As the second component constituting the latently crimpable conjugate fiber of the present invention, the melting point Tm (° C.), which causes heat shrinkage at a relatively low temperature from the viewpoint of processability and has a fiber forming property, is 120 ≦ Tm. A propylene copolymer in the range of (° C.) ≦ 147 is used. Such a propylene copolymer can be obtained by mainly copolymerizing propylene with another α-olefin (including ethylene). Examples of such α-olefins include ethylene, butene-1, pentene-1, hexene-1, heptene-1, octene-1, and 4-methyl-pentene-1.
And the like, and two or more of these α-olefins can be used in combination. Specific examples of the propylene copolymer include ethylene-propylene binary copolymer, propylene-butene-1 binary copolymer, ethylene-propylene-butene-1 ternary copolymer, and propylene-hexene-
Examples thereof include 1 binary copolymer, propylene-octene-1 binary copolymer and the like, and a mixture thereof.
These copolymers are usually random copolymers, but may optionally be block copolymers.
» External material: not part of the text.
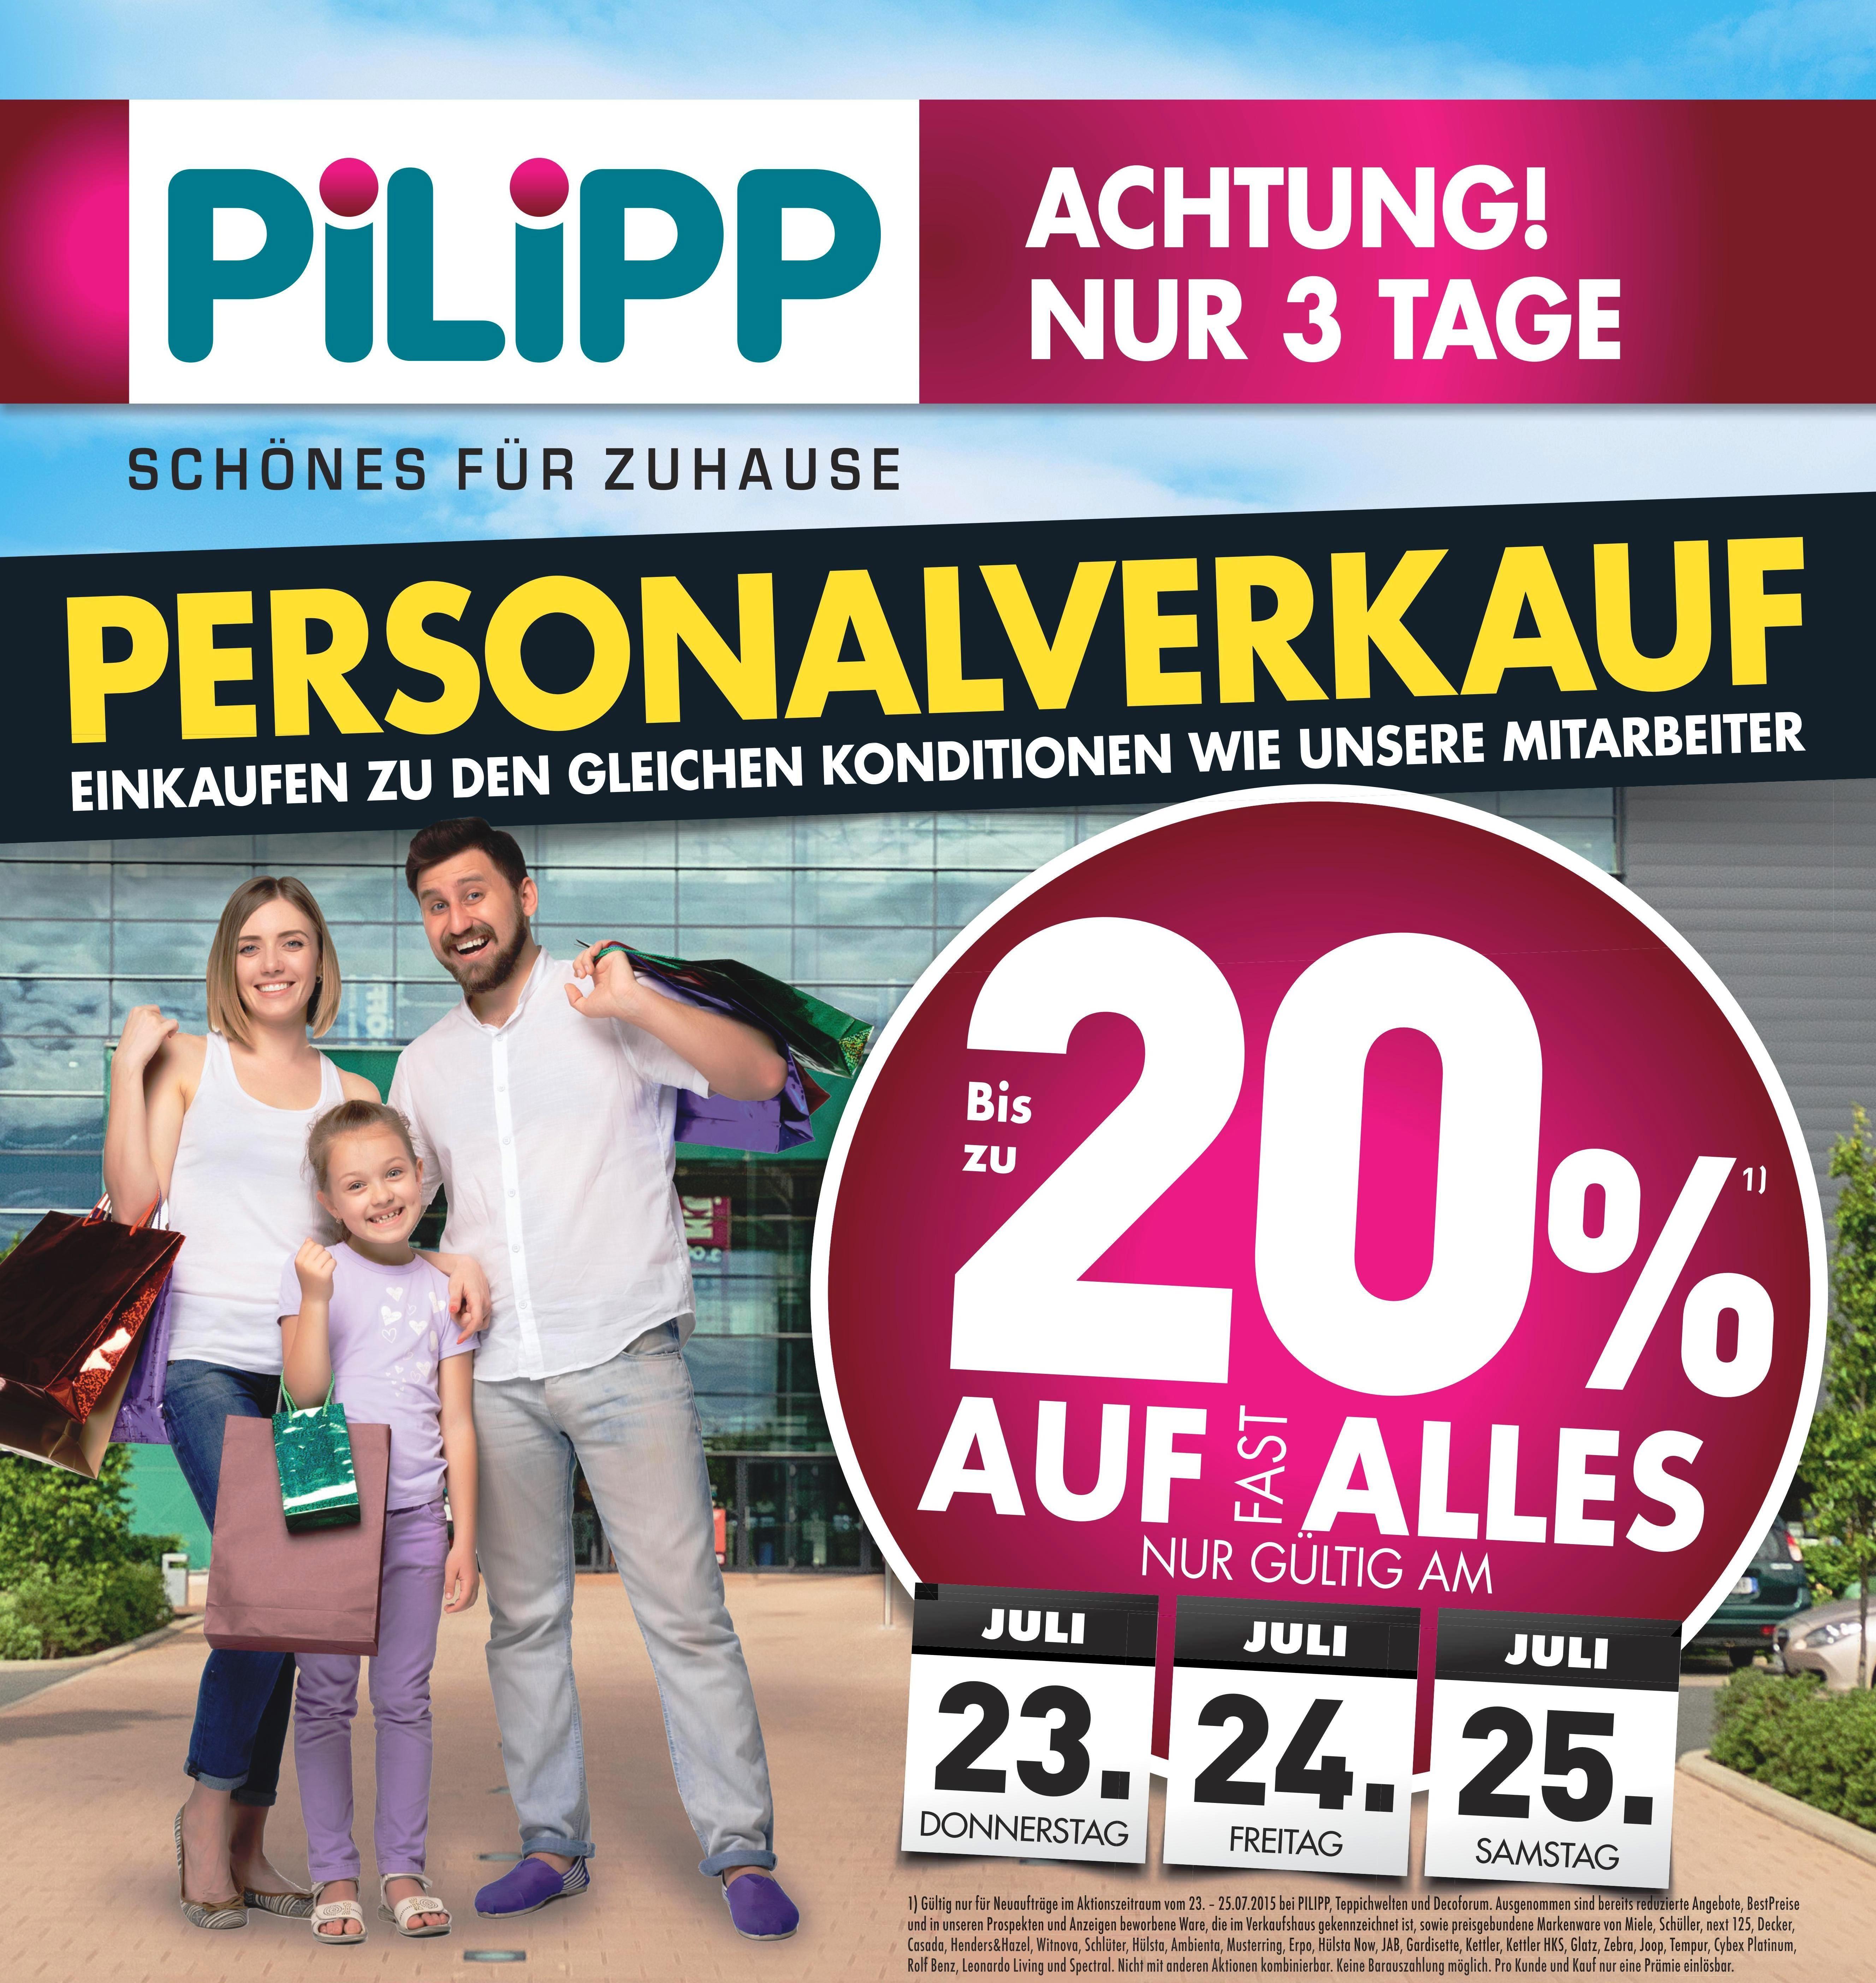 Unique VERKAUFSOFFENER SONNTAG bei Ihrem Eintrichtungscenter Pilipp in BINDLACH bei Bayreuth Aktionen und Gewinnspiele Pinterest

Among the propylene copolymers which can be used as the second component of the latently crimpable fiber of the present invention and have a melting point Tm (° C.) within the above-mentioned range, the propylene content is 90 to 90%.
Ethylene-propylene-butene-1 terpolymer having 98% by weight, ethylene content of 1 to 7% by weight and butene-1 content of 1 to 5% by weight, propylene content of 93 to 99% by weight, ethylene content of 1 to 7% by weight % Of an ethylene-propylene binary copolymer is particularly preferred in terms of shrinkage, low-temperature processability, and cost.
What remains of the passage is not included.